What to produce → The full listing, word for word and free of images, is the expected result.

Supplied information →
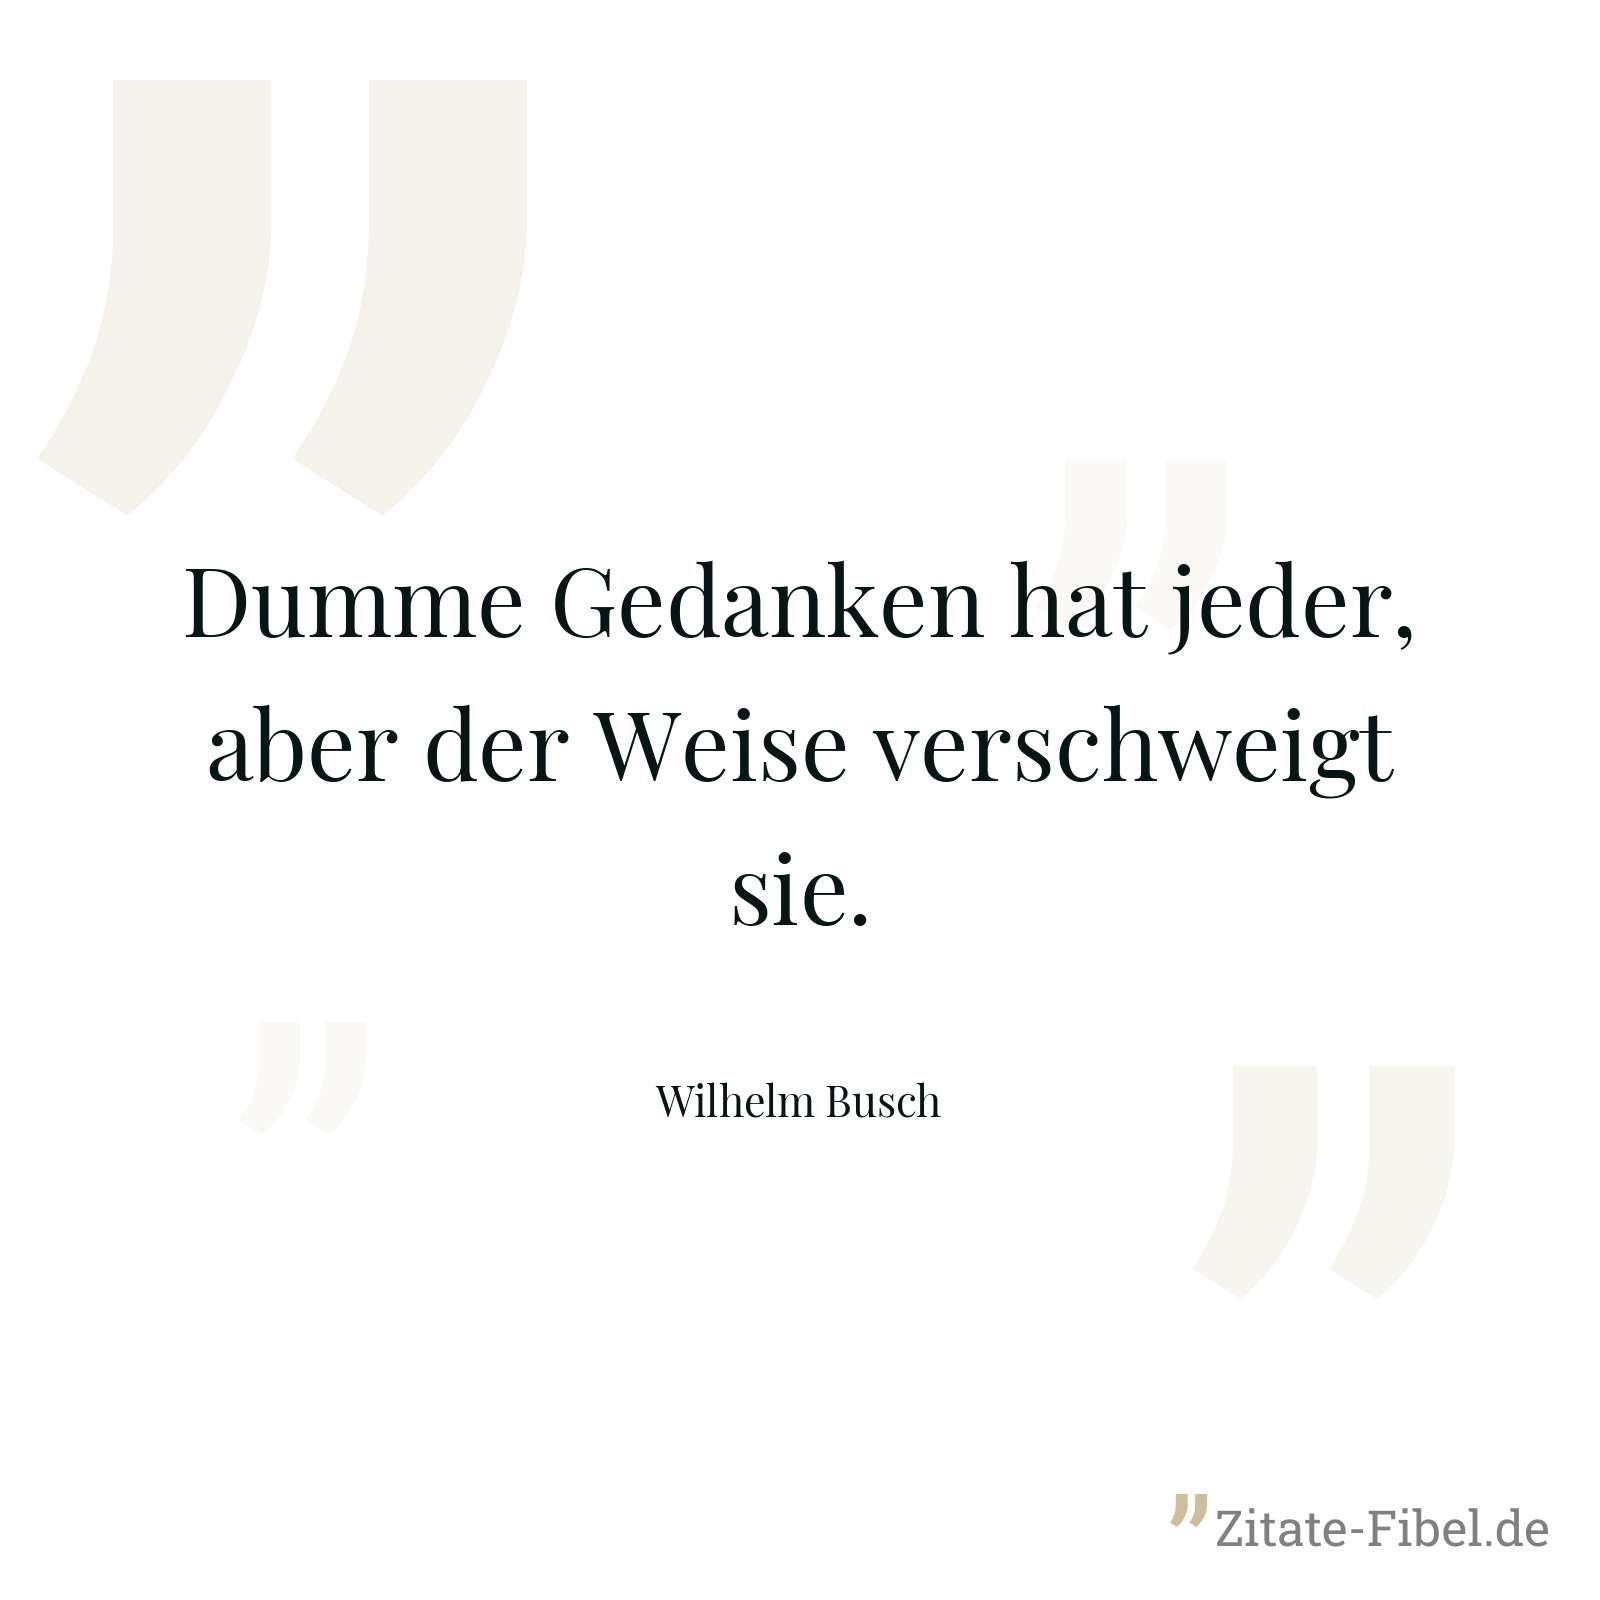 Dumme Gedanken hat jeder, aber der Weise verschweigt sie. - Wilhelm Busch
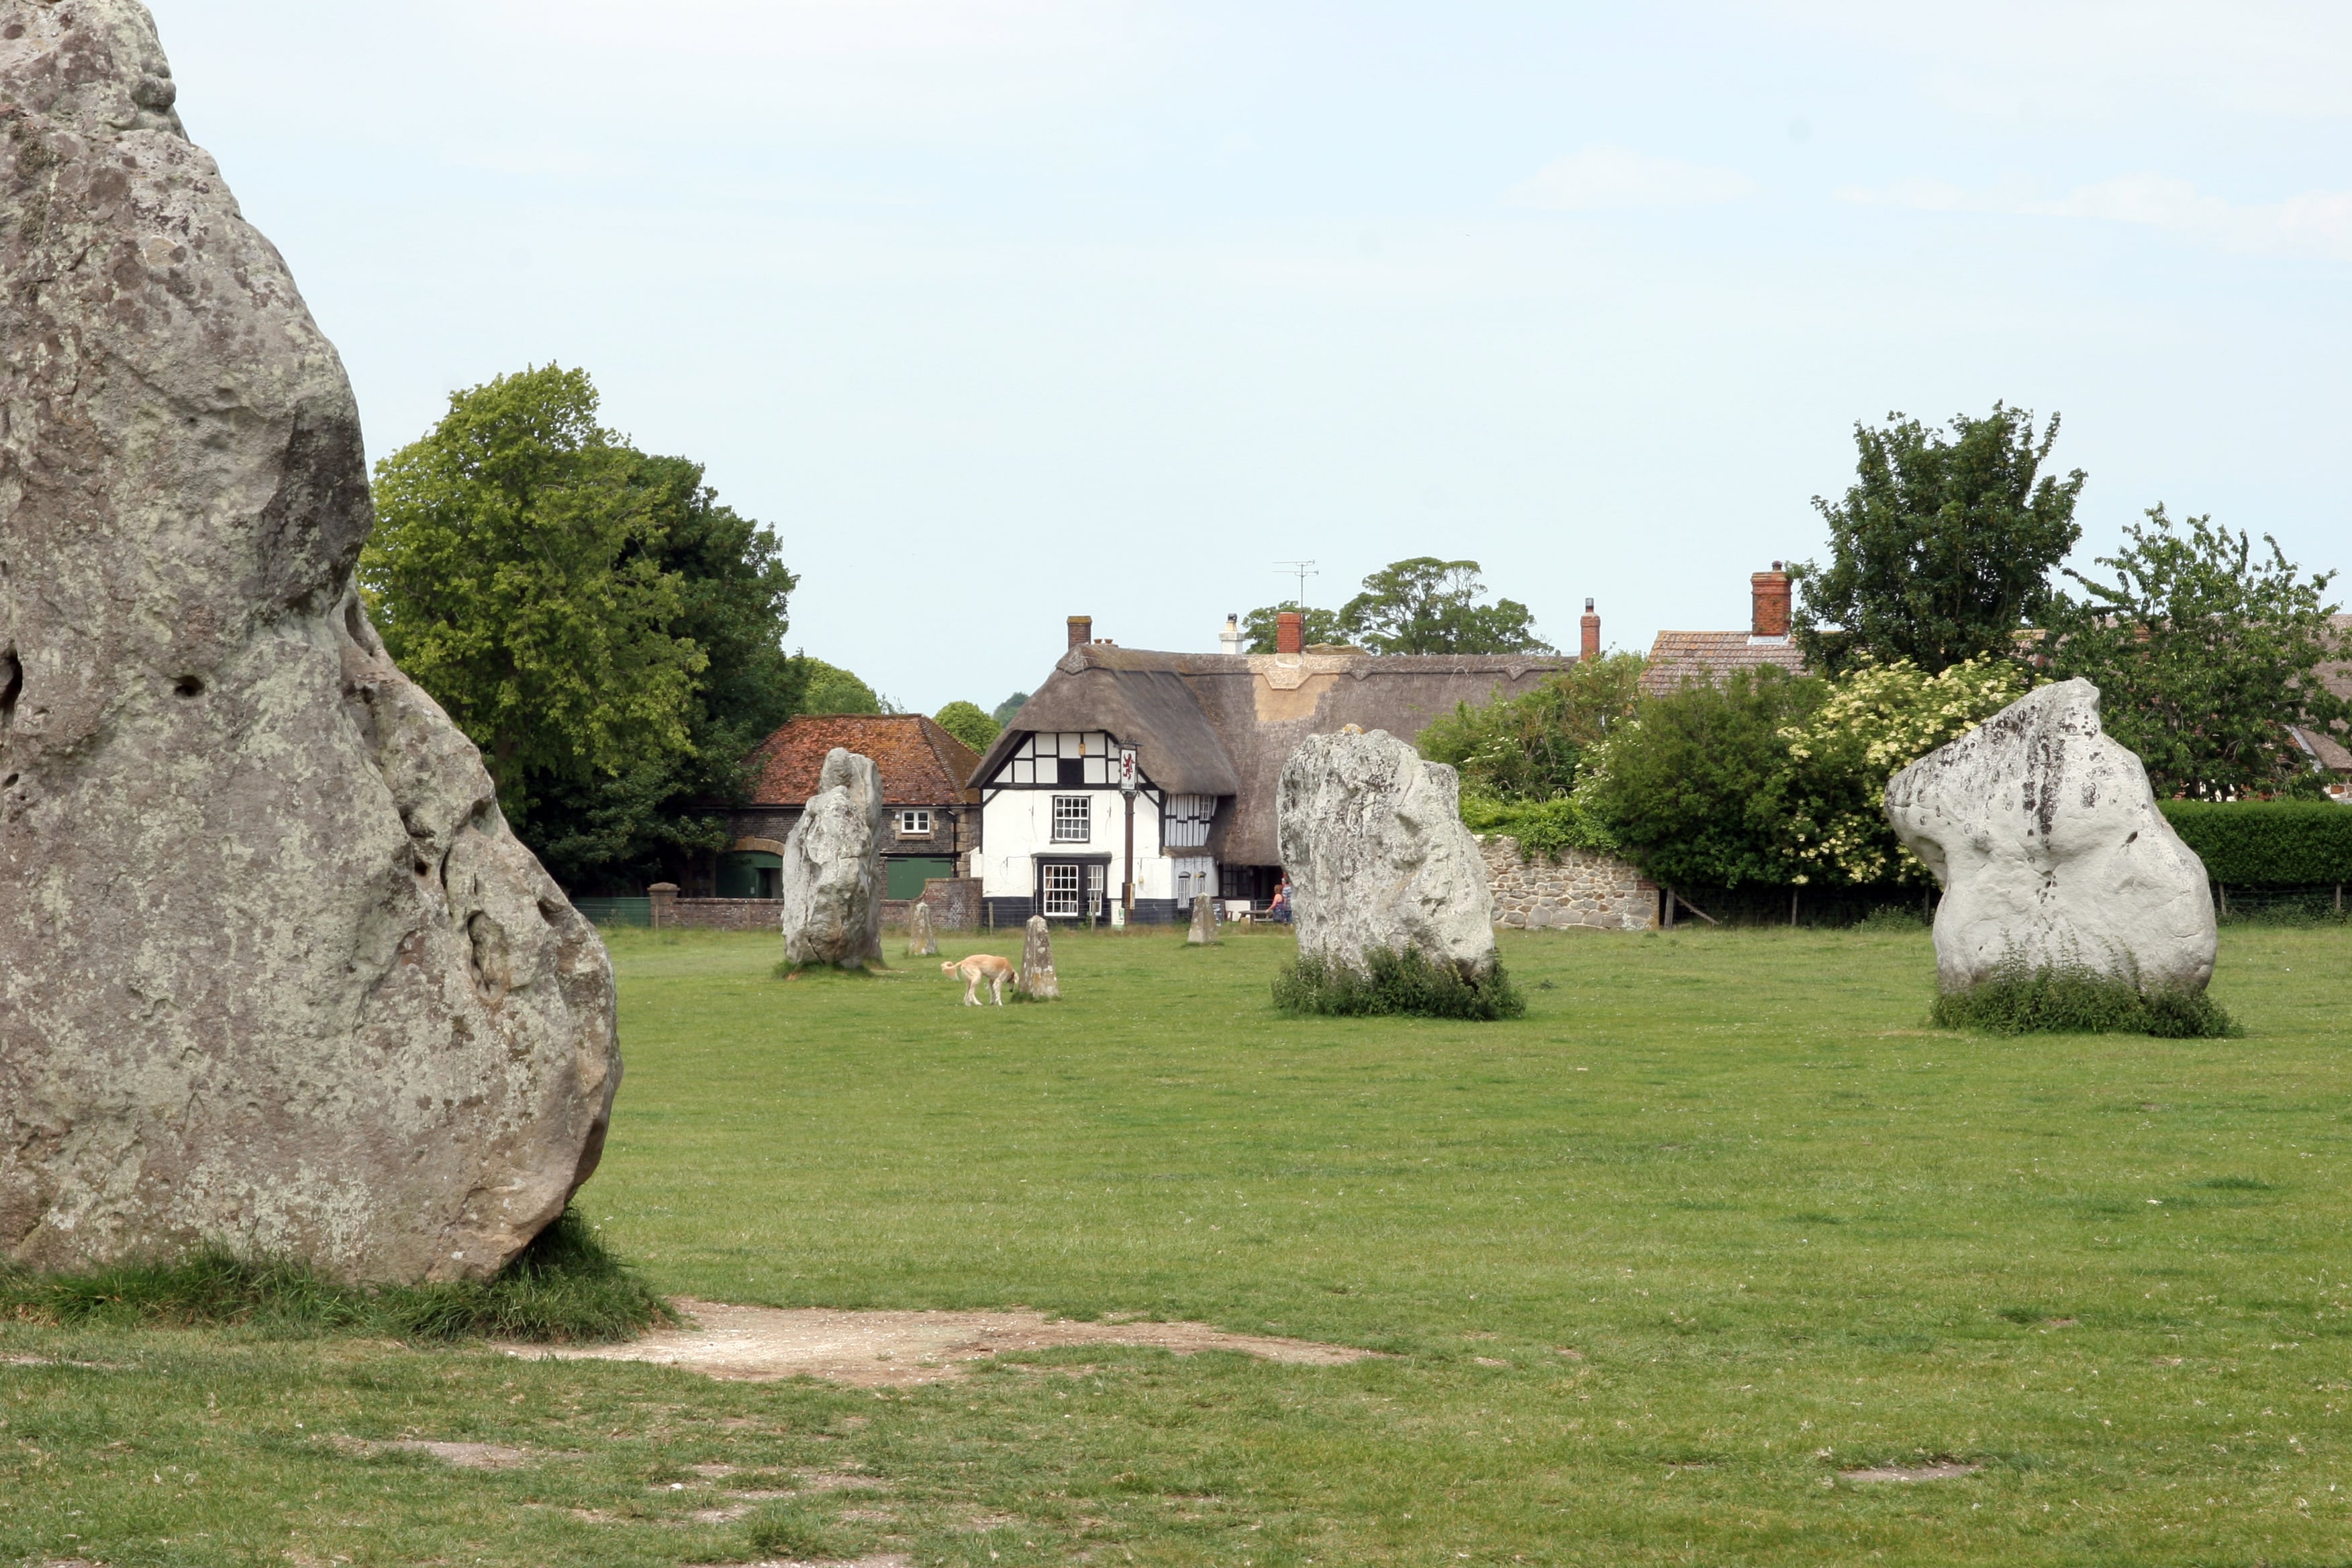 Avebury Stone Circle.
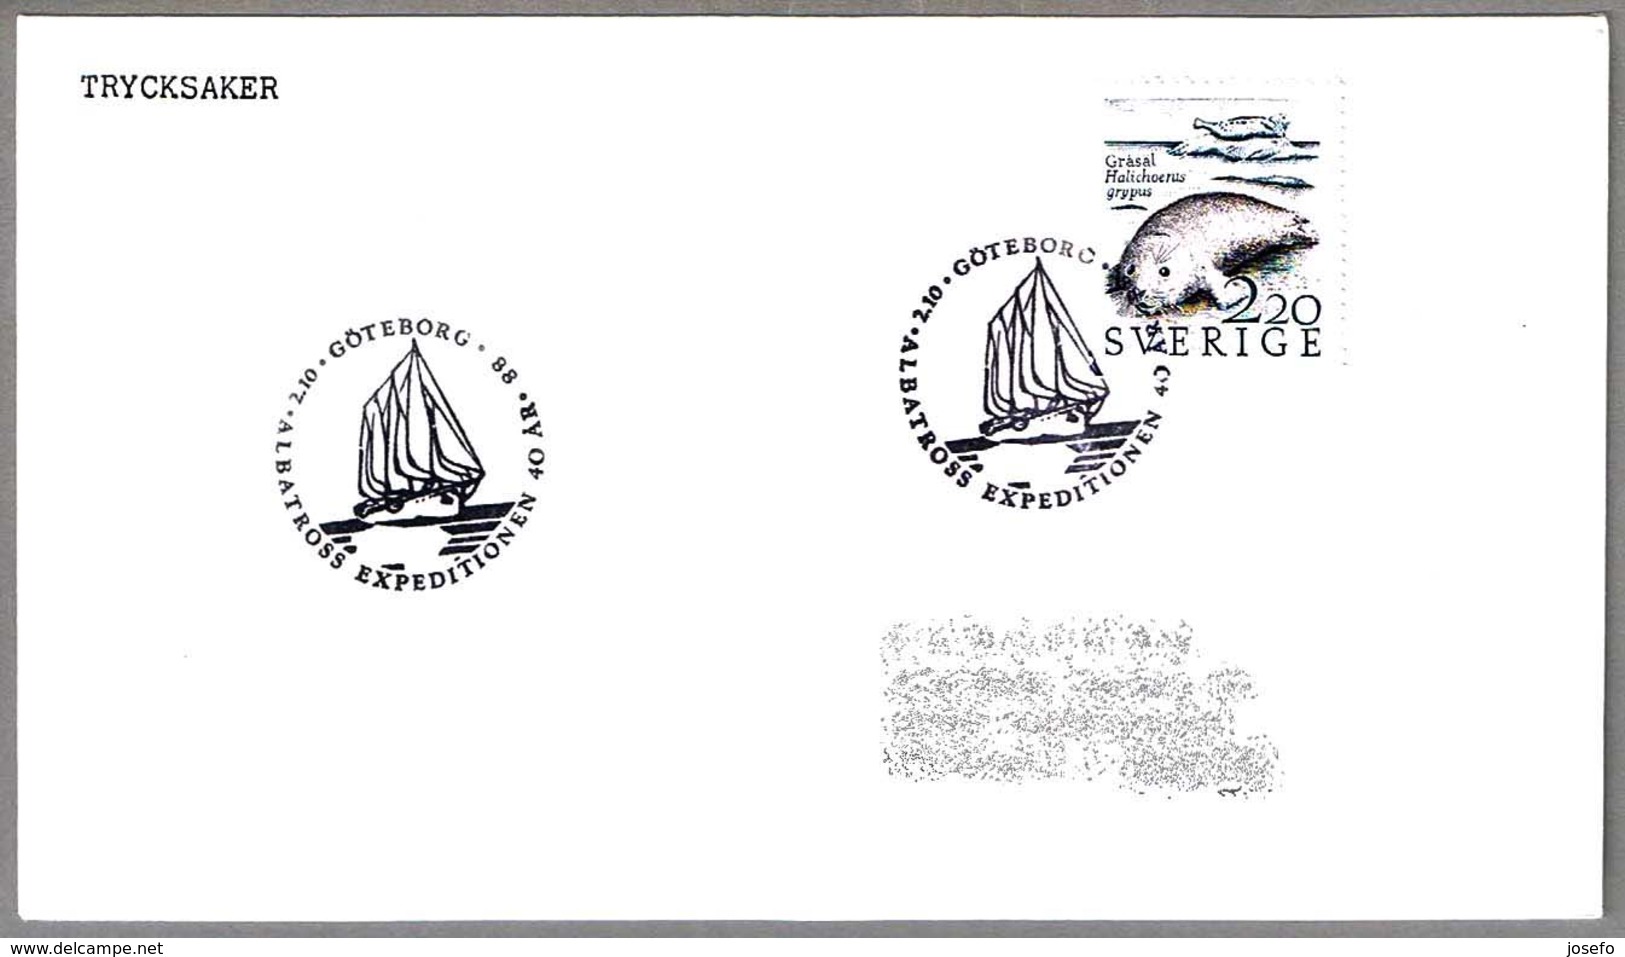 Expedicion Oceanografica ALBATROSS (1947-48) - Oceanographic Expedition. Goteborg, Suecia, 1988 - Barcos

Solution to this problem →
 Dumme Gedanken hat jeder, aber der Weise verschweigt sie. - Wilhelm Busch
 Avebury Stone Circle.
 Expedicion Oceanografica ALBATROSS (1947-48) - Oceanographic Expedition. Goteborg, Suecia, 1988 - Barcos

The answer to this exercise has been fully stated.